As the Ghost spoke, the teacher strode purposefully forward, grabbed one of the boys, pulled him out of his chair, and whacked him hard, five times, on the backside. The boy tried hard to hold back the tears, gulped and then sat back down.

“He does that to keep them on their toes,” the Ghost whispered. “For no other reason.”

Good thing too, Mr Gove thought. He looked around, but already the school room, and the Ghost, was fading from Mr Gove’s view. He found himself back in his bed. He turned over, and tried to sleep again.

Mr Gove Christmas Carol closest

When he turned over, there was another child staring at him. This time it was a little girl, wearing a nice blue jumper and skirt. There was something a little strange about her – when Mr Gove looked carefully he realised that he could see through her. Oh, thought Mr Gove, another Ghost.
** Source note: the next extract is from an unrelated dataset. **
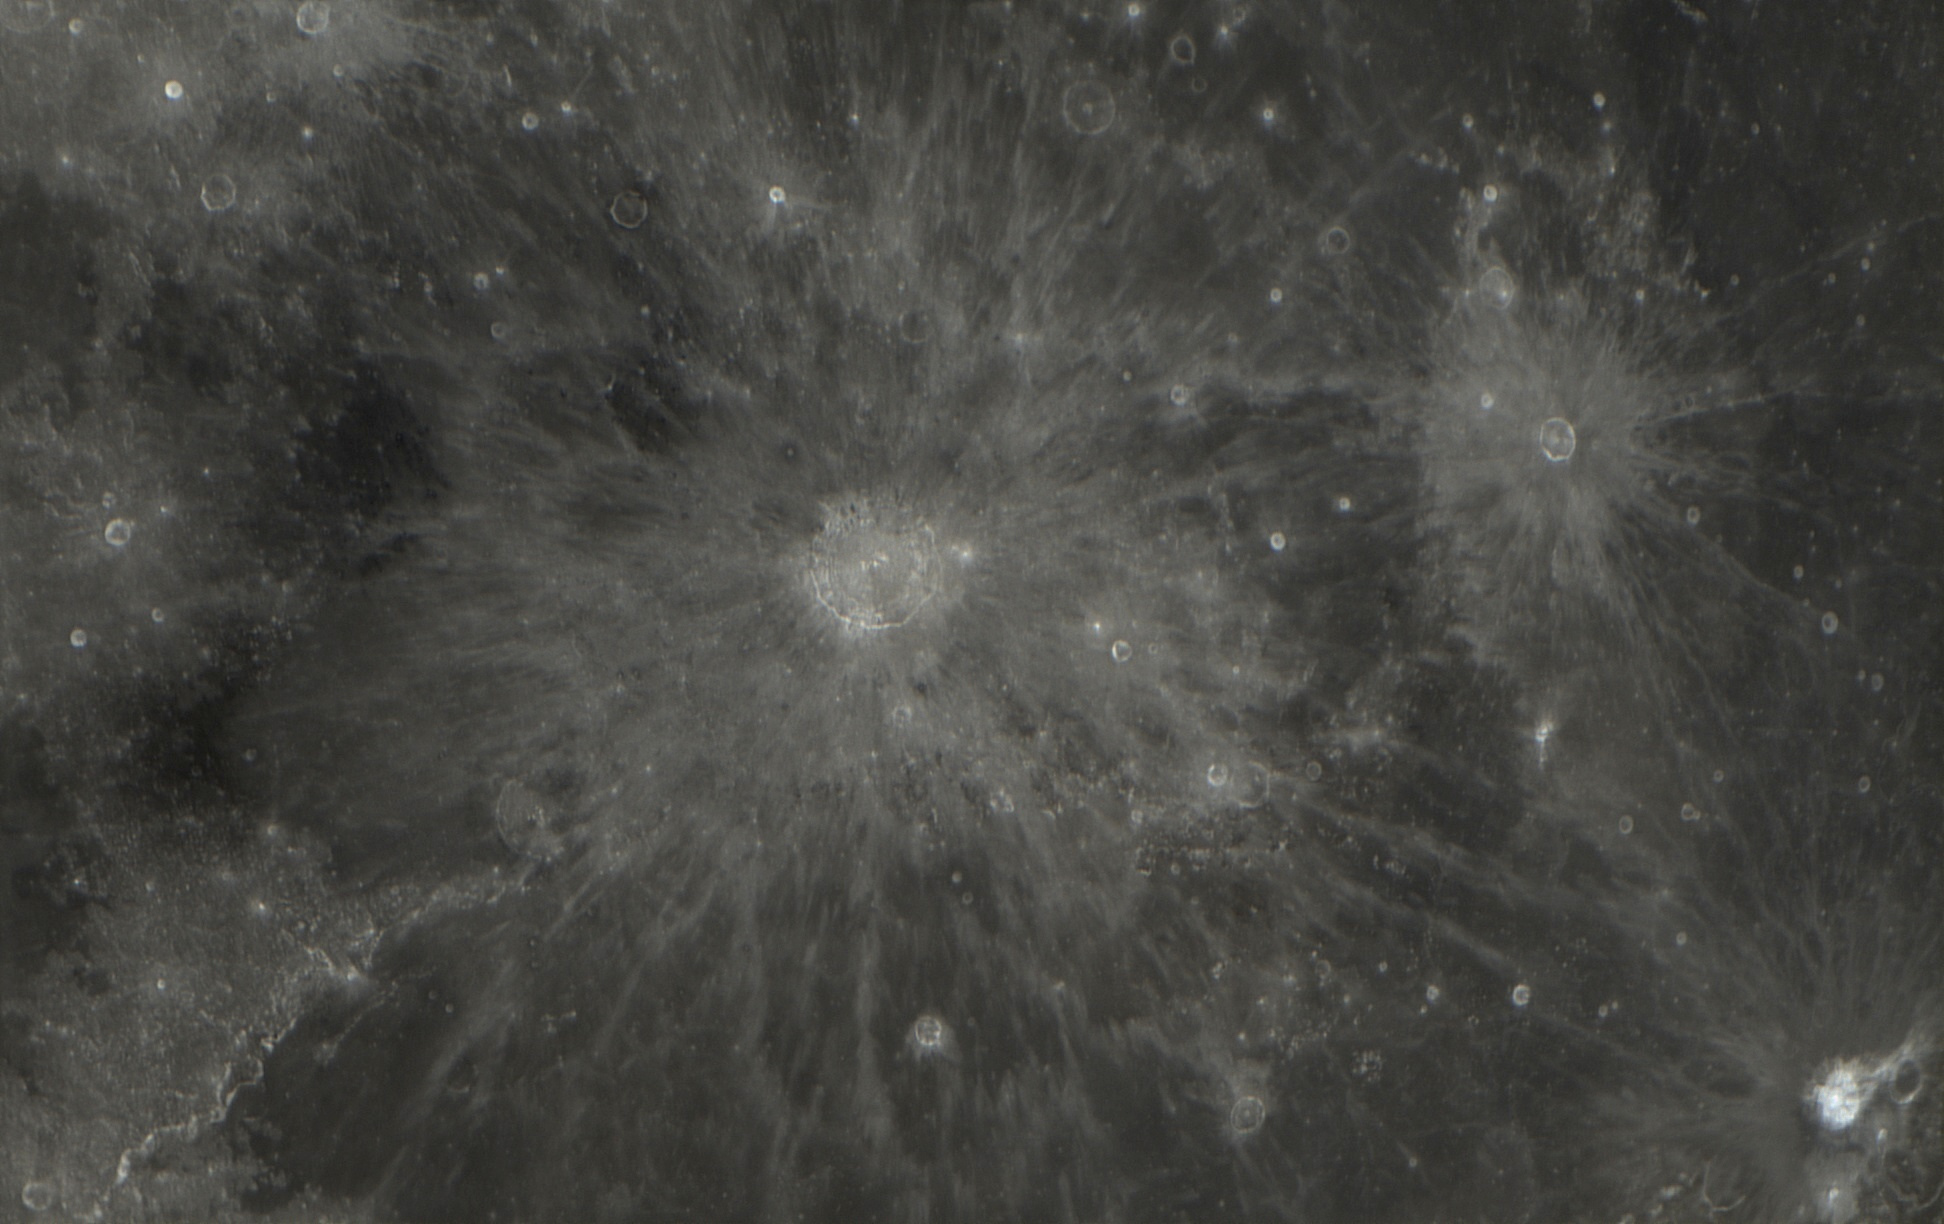 2019-09-16_T_00-52-15-0833_Copernic2.jpg.71ae7c2d214f3b94a57ace5f45d77259.jpg

The girl nodded and unaccountably she smiled. “I am the Ghost of Schoolchild Present,” she said in an impudent voice, “and I too have something to show you.”
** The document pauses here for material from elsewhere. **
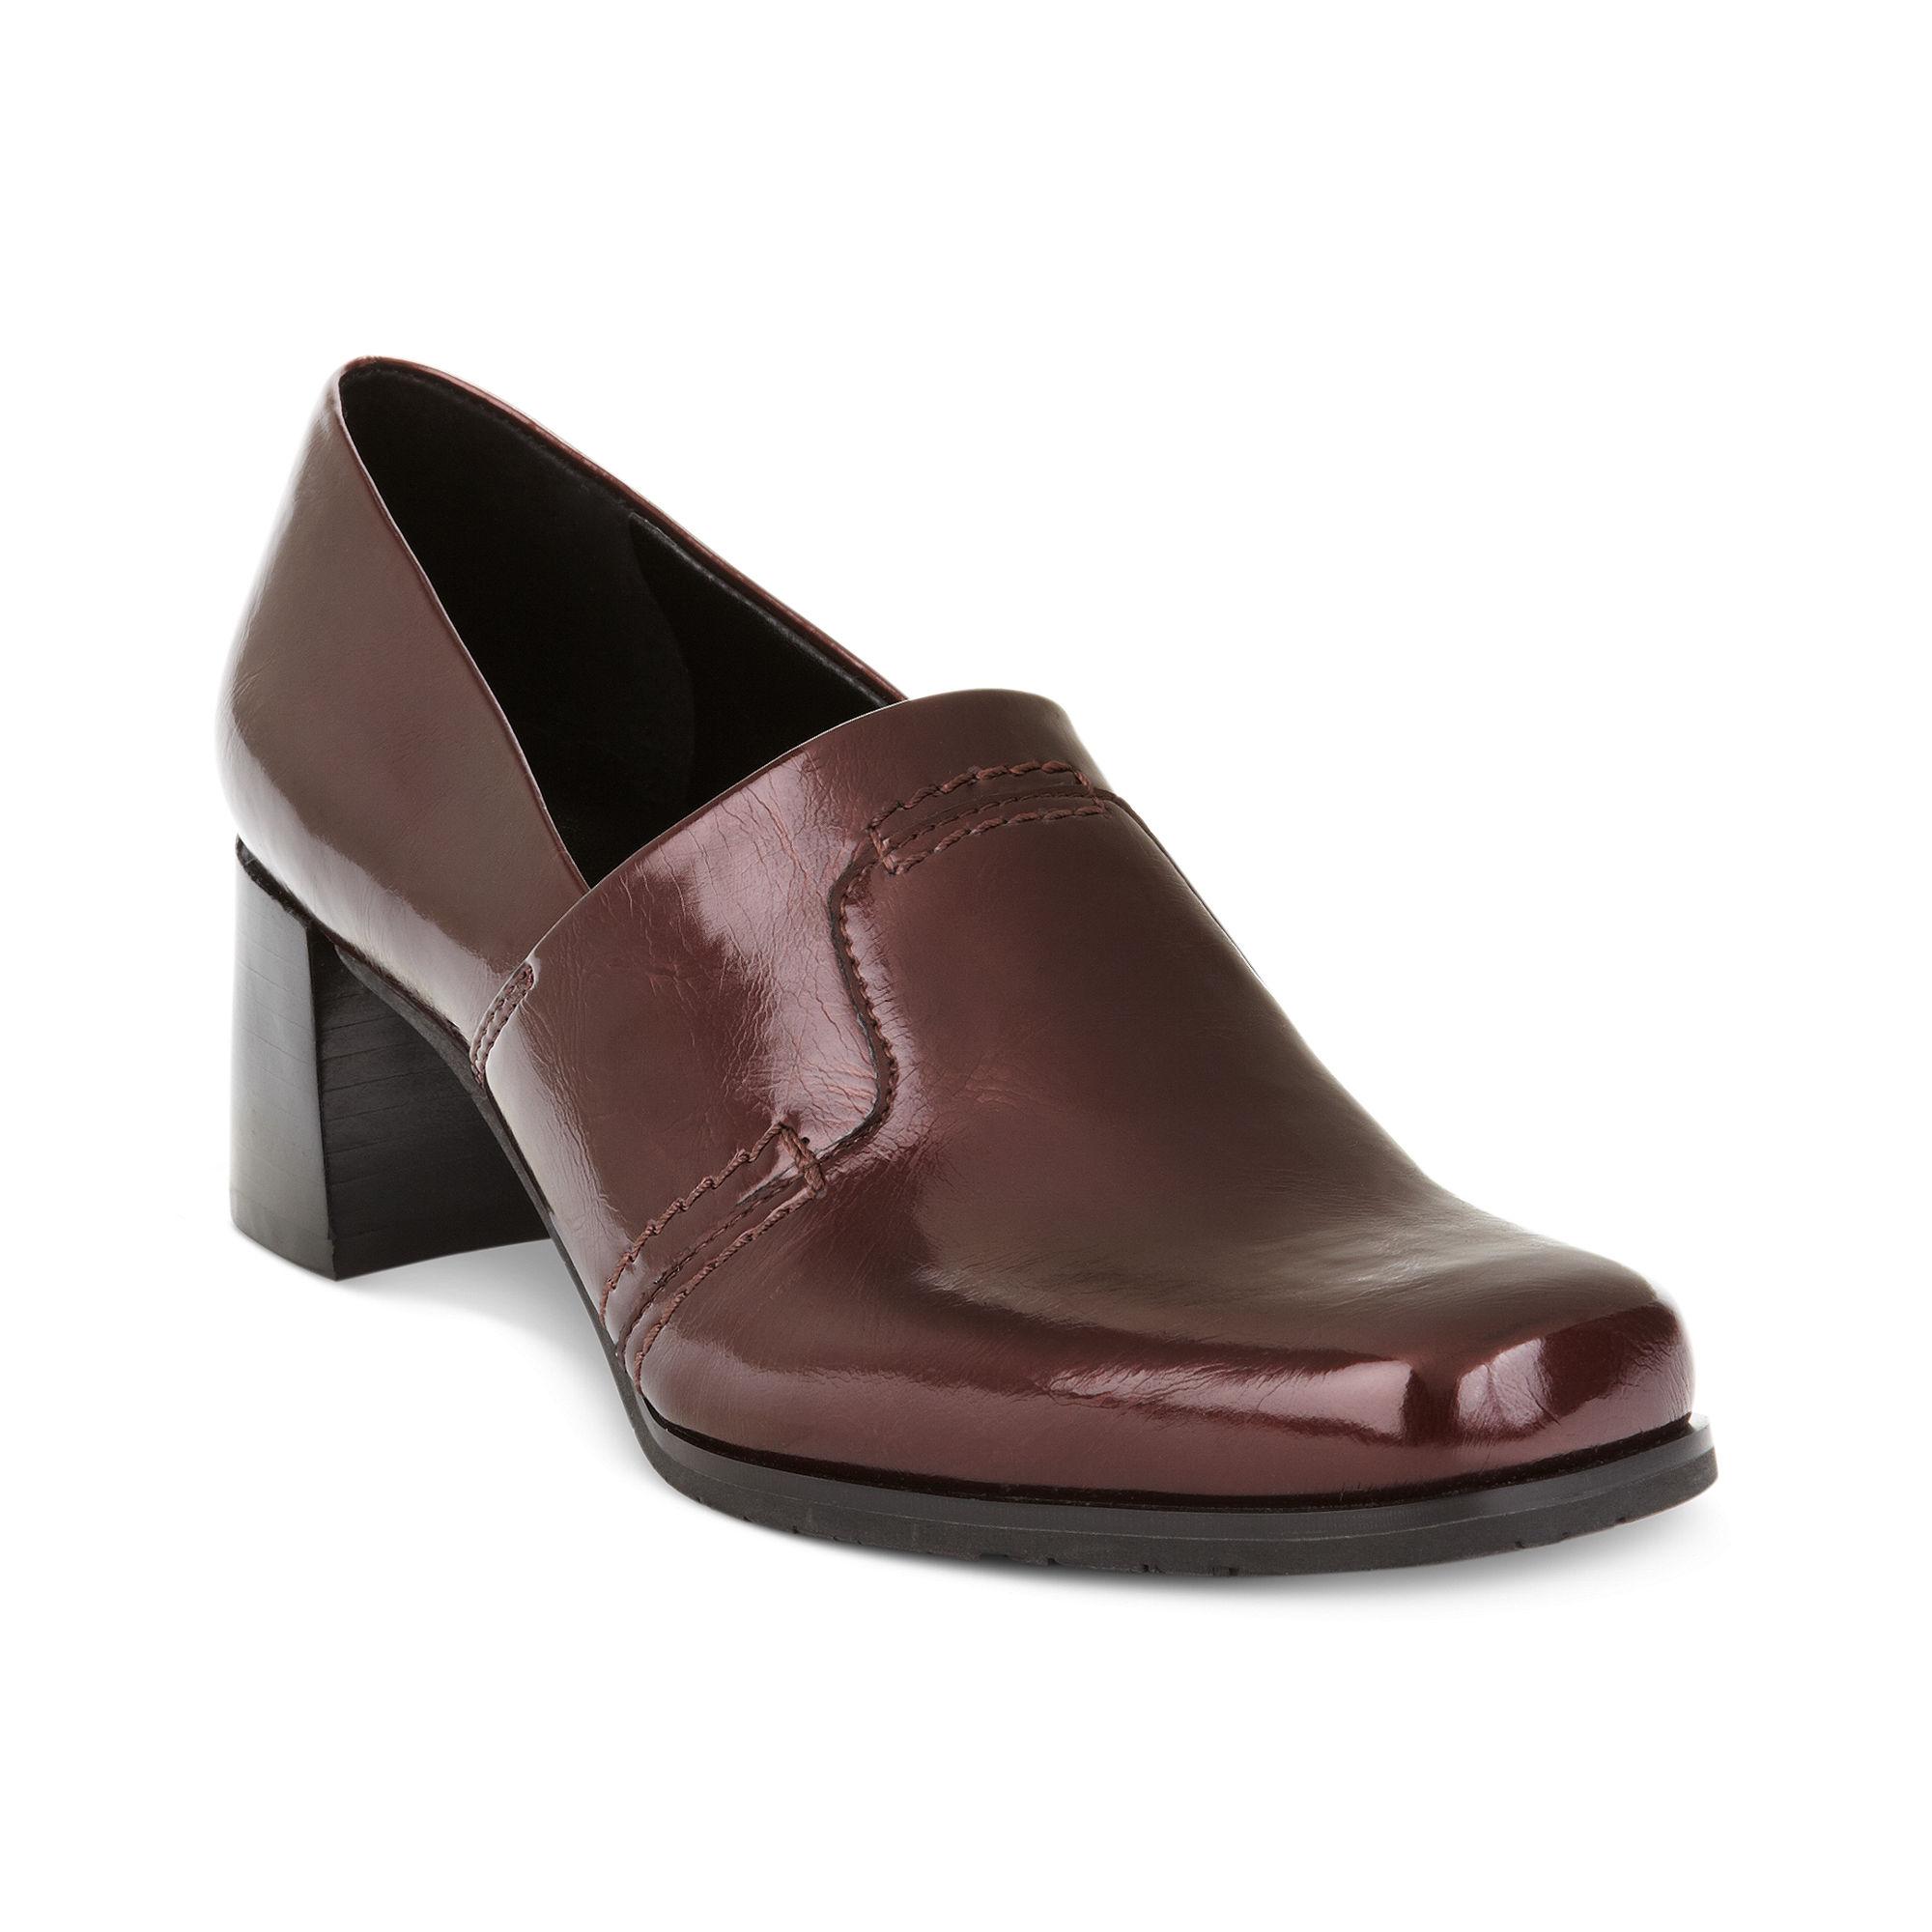 Franco Sarto Shoes Uk

This time Mr Gove found himself in a well lit, modern-looking classroom. There were brightly-coloured posters on the walls, along with what seemed to be displays of work from some of the children. They were sitting around tables, chattering away. Mr Gove tutted. Where was the discipline?

“How can they learn like this?” Mr Gove spluttered to the Ghost. She looked surprised.

“Look at that table,” she replied, and pointed to one of the tables. Mr Gove looked. One little girl had written out a poem in what even Mr Gove had to admit was excellent handwriting. The boy next to her was reading it aloud, while the others at the table were laughing and smiling.

As Mr Gove stared, the teacher came over. She was a young woman with a nice face, but a few worry lines around her eyes. “Very nice, Hannah and Joe,” she said. “Who wants to go next?”

Hmmph, Mr Gove thought, but even as he thought that, he found the classroom swirling away into the mist, and once more he was in his bed.

Mr Gove Super Close up 2Again Mr Gove tried to sleep, but again he found himself tossing and turning. He was not surprised when he found himself again facing a child.

This boy was as grey as the first had been, though his clothes were much more modern. Some strange kind of overalls, or a jumpsuit, or something like that. His eyes were wide and staring, his face almost devoid of expression.

“So who are you?” Mr Gove asked, though he had a feeling he knew what the answer would be. He was not disappointed.

“I am the Ghost of Schoolchild Future,” the boy chanted out in a monotone. “And I have something to show you.”

This classroom was square and clean. Its walls were grey, the windows covered with blinds. The desks were in long rows, with individual computer screens set up on each one. The children were sitting bolt upright on stiff-looking chairs, headphones on their heads, staring silently into the screens.

Suddenly, as Mr Gove watched, they all started speaking at once – but this was no cacophony of chattering, it was perfectly harmonious though entirely emotionless chanting. The timing was immaculate, the coordination perfect.

Mr Gove smiled. This was more like it.

“Thank you,” he said to the Ghost. “That is wonderful. I presume we’re back at the top of the League Tables now.”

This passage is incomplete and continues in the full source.